Posted October. 27, 2005 04:22,   

한국어

“I’ve never been caught in a test, and I’ve imported 2,000 tons of crabs over the last six years,” said one importer. “Imported goods usually pass inspection, unless the box stinks.”

Trucks carrying marine products were entering a cold storage facility at Gamcheon Port in Saha-gu, Busan, where 40 percent of all imported marine products come through.

The marine products in bonded warehouse will undergo a four-day quarantine and a customs inspection by the National Marine Products Quarantine Agency (NMPQA).

However, the importer also said, “The inspection was done only formally, so it’s difficult to sort out inferior products.”

The public’s distrust of food safety has reached an alarming level. There is a growing concern for the decline of safe food that people can choose from to eat, whether it be imports or exports, agricultural products or marine products.

Malachite green, a bleaching agent, and parasite eggs have been found in imported food.

Two ships carrying Chinese kimchi arrived at the Pyeongtaek Harbor, which handles 52 percent of Korea’s imported kimchi on October 25. The Pyeongtaek Test Agency for Imported Food under the Food and Drug Administration in Gyeongin is responsible for testing and gathering 14 samples out of 21,000 boxes of kimchi. However, the office only has one staff who tests imported kimchi at the bonded warehouses scattered across eight import inspection sites in Southern Gyeonggi Province.

The situation is the same at Gamcheon Port in Busan. Inspector Kang Min-jin, who was testing for lead with a metal detector, was assigned a total of 18,400 boxes of Chinese yellow corvine to test on October 25 alone.

The Busan branch of the NMPQA has eight times more cases to test than it did in 1996 but, the number of inspectors has fallen from 53 to 44.

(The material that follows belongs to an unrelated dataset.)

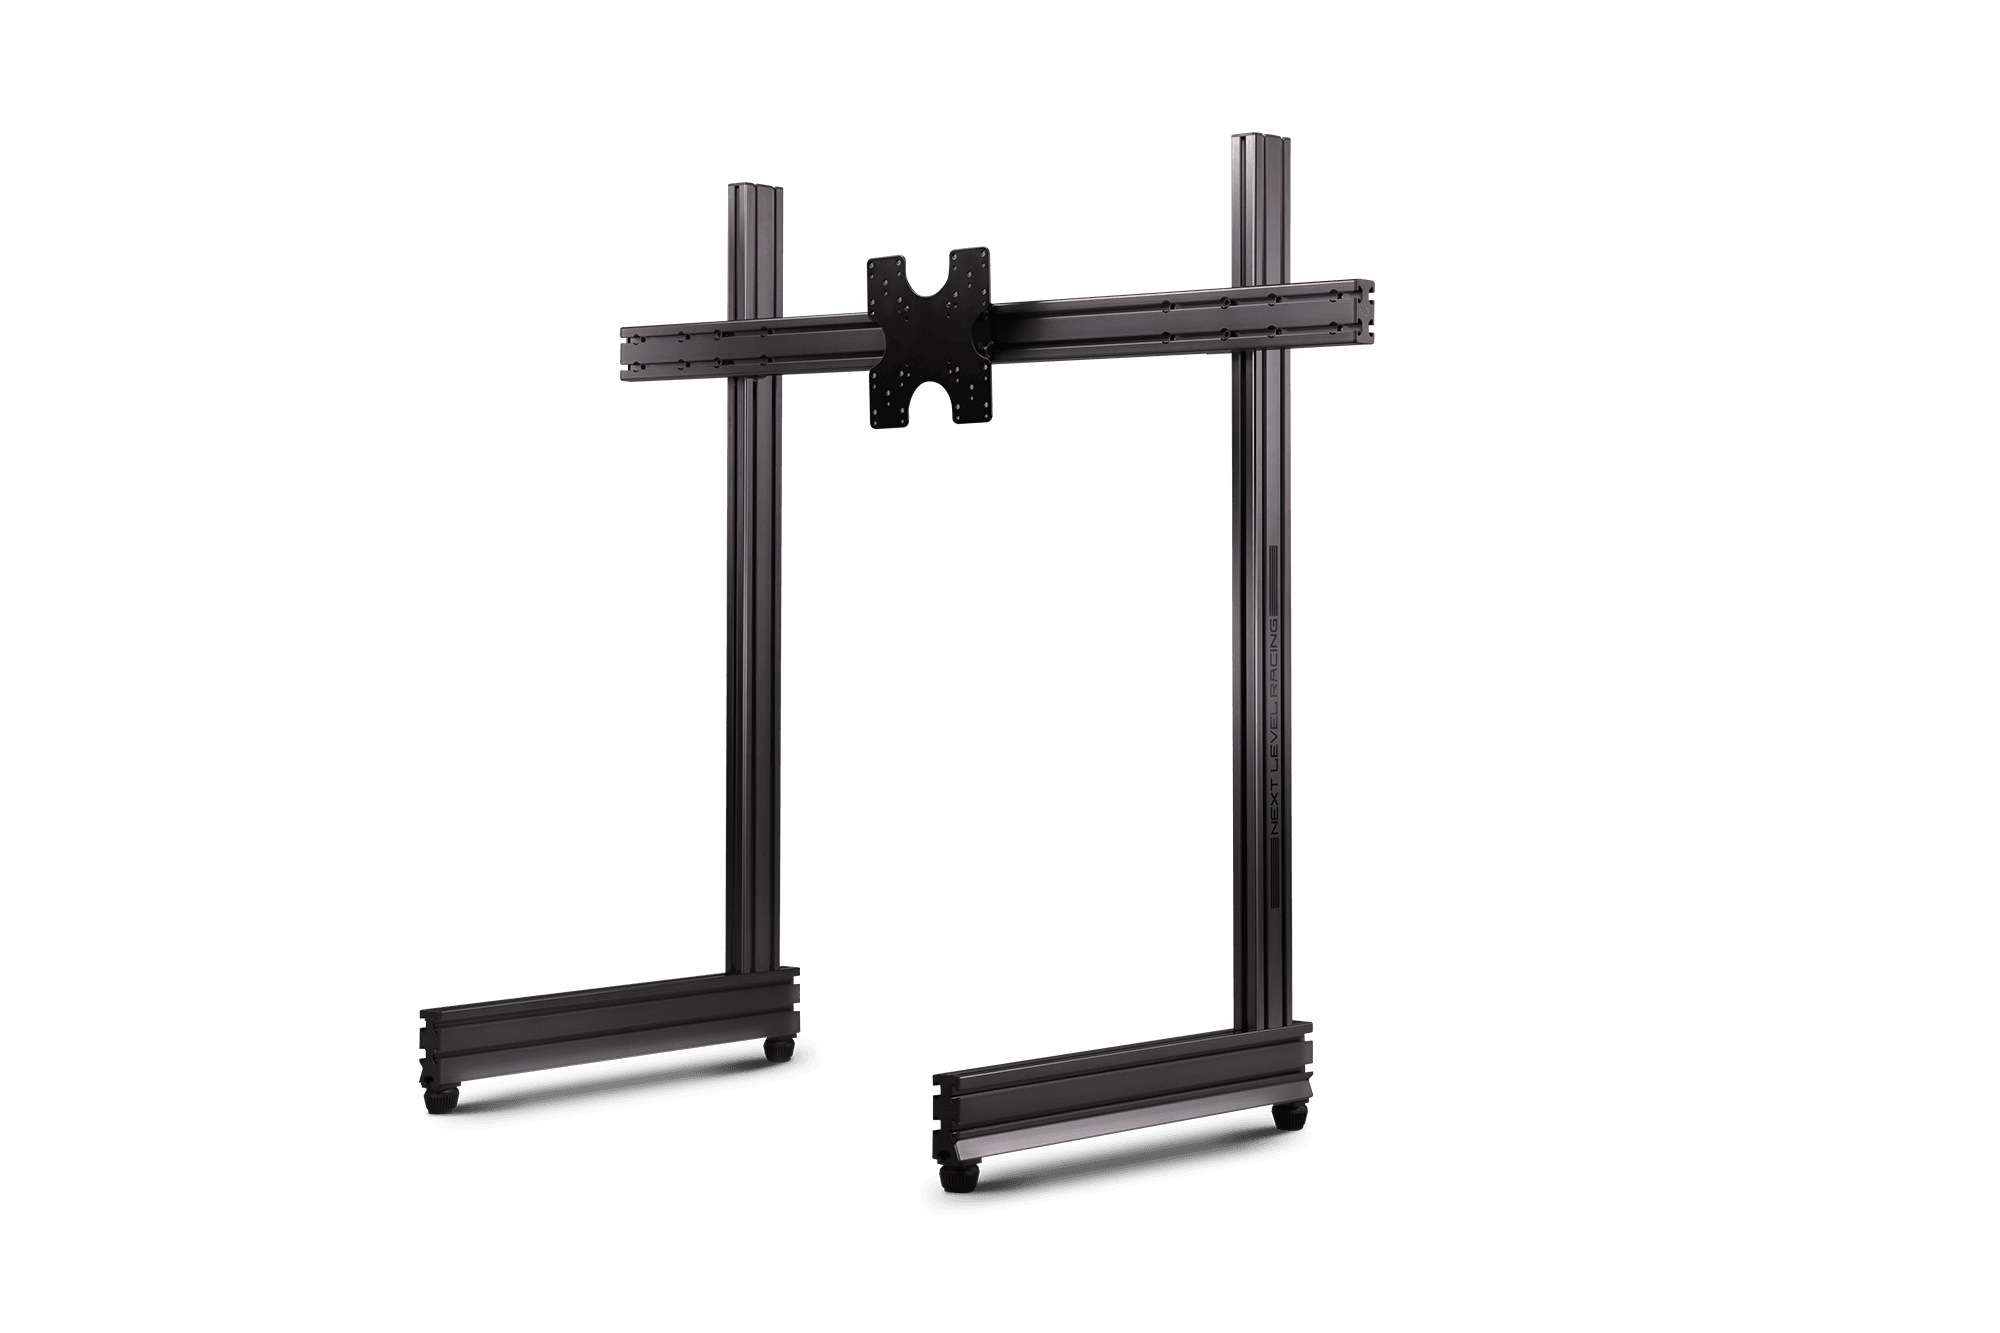 Buy Next Level Racing F-GT Elite Single Freestanding Monitor Stand ...

Since its establishment in September 2004, the Pyeongtaek Test Agency for Imported Food (PTAIF), which has four staff members, is being operated as a temporary organization, not as formal one.

In addition, the test standards used by the office of inspection’s efforts are often an example of “too little, too late,” making early detection of tainted imports almost impossible.

A PTAIF official said, “One or two food samples out of 2,000 imported food samples tested as unfit for import, but imported kimchi has never been declared unfit for import.” It is because the kimchi test has so far only focused on three categories: smell and form, preservative level, and coloring matter.

According to the Korea Institute for Health and Social Affairs (KIHASA), Korea’s imported food level has tripled since 1998. In particular, the volume of Chinese imported food has soared five times during the same period.